= J.T. Studley =

John Tatchell Studley (1864–1916), of Seaborough Court, was an English sportsman and landowner. He is best known for authoring The Journal of A Sporting Nomad (1912), an account of his big game hunting experiences in North America and Africa.

He was the son of John Studley , Esq. of Broadwindsor, a prosperous manufacturer from an old Dorsetshire family, by his wife Sophia Anne Tatchell-Bullen, daughter of John Tatchell-Bullen, Esq. of Marchwood, a relative of Admiral Sir Charles Bullen.

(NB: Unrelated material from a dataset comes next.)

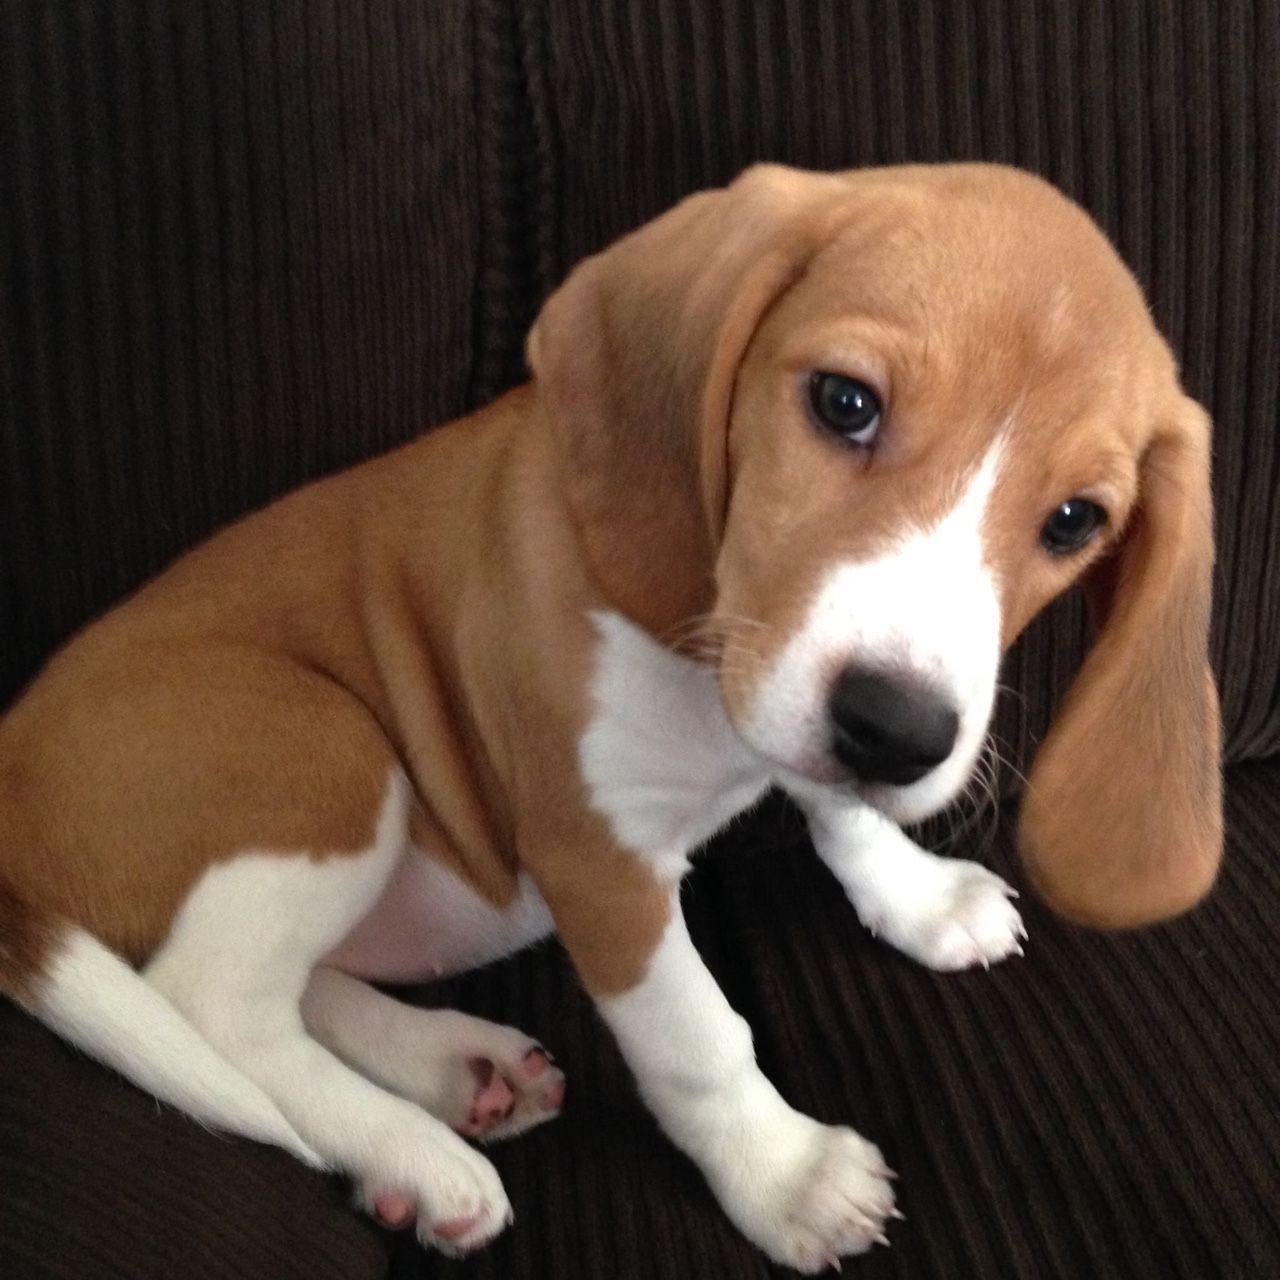 Beagles Are Awesome Compilation Beagle Puppy Beagle Dog White
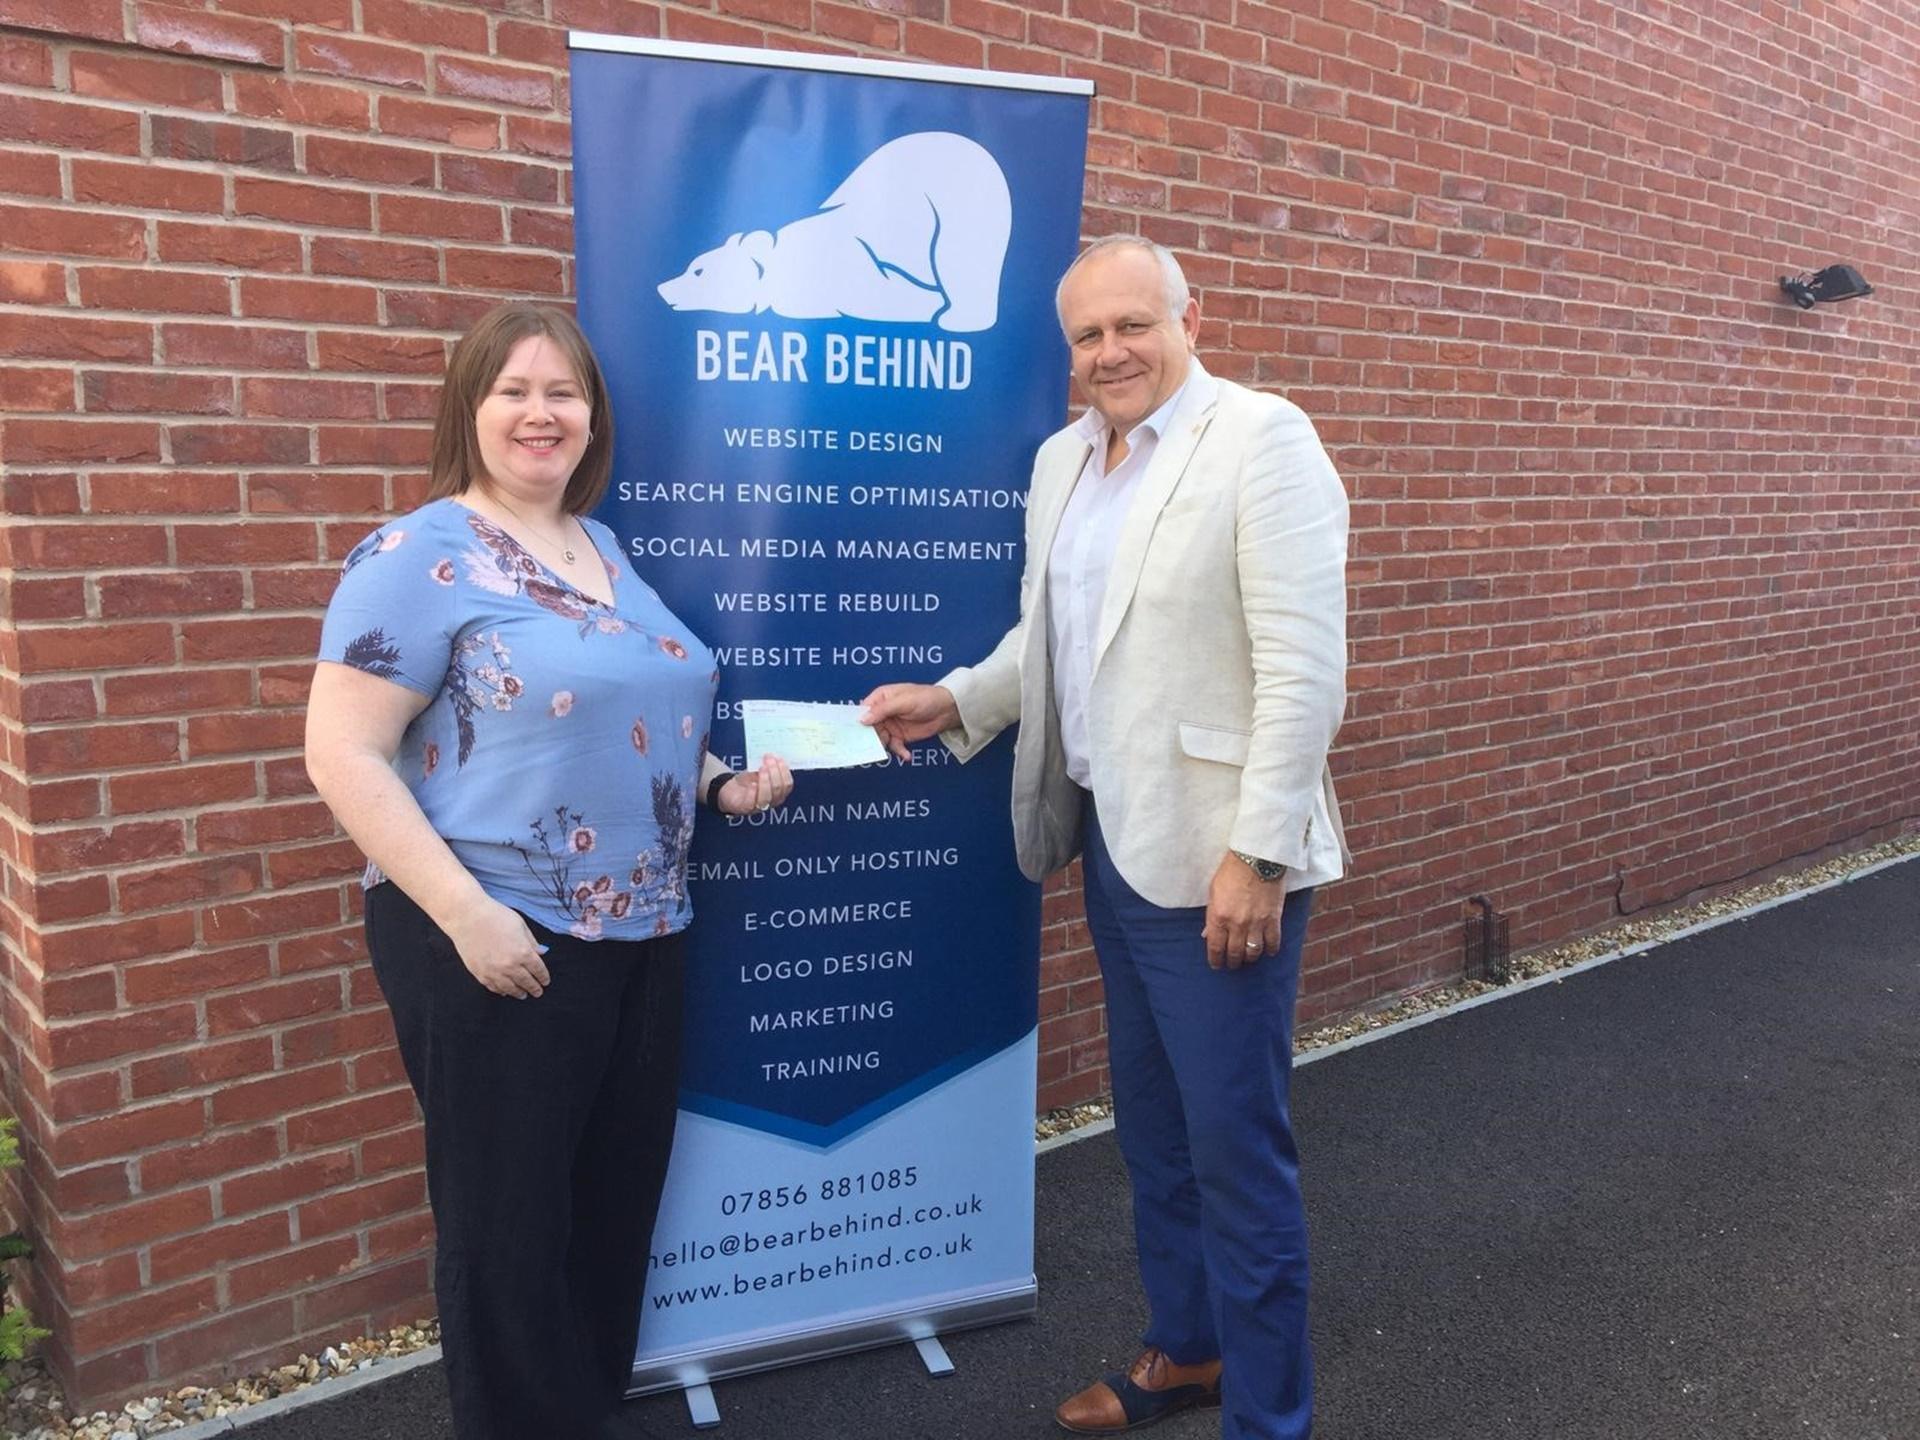 Councillor Matthews presents cheque to Katie Brook

Studley underwent many sporting trips abroad. He bagged lion near the Pungwe River in South Africa, then proceeded on an extended hunting trip to British East Africa where he successfully hunted buffalo, lion and eland. He also hunted caribou in Newfoundland; moose, grizzly bear, Stone sheep, and Dall Sheep in the Kenai peninsula, Alaska and British Columbia; and fished for tarpon and shark in Florida.

He married Beatrice de Chair, sister of Admiral Sir Dudley de Chair. His only son, Derek, married the Scottish heiress Nina Ogilvie-Grant, 12th Countess of Seafield and was the father of the 13th and present Earl of Seafield.

== Bibliography ==

- The Journal of A Sporting Nomad (1912), John Lane. New York.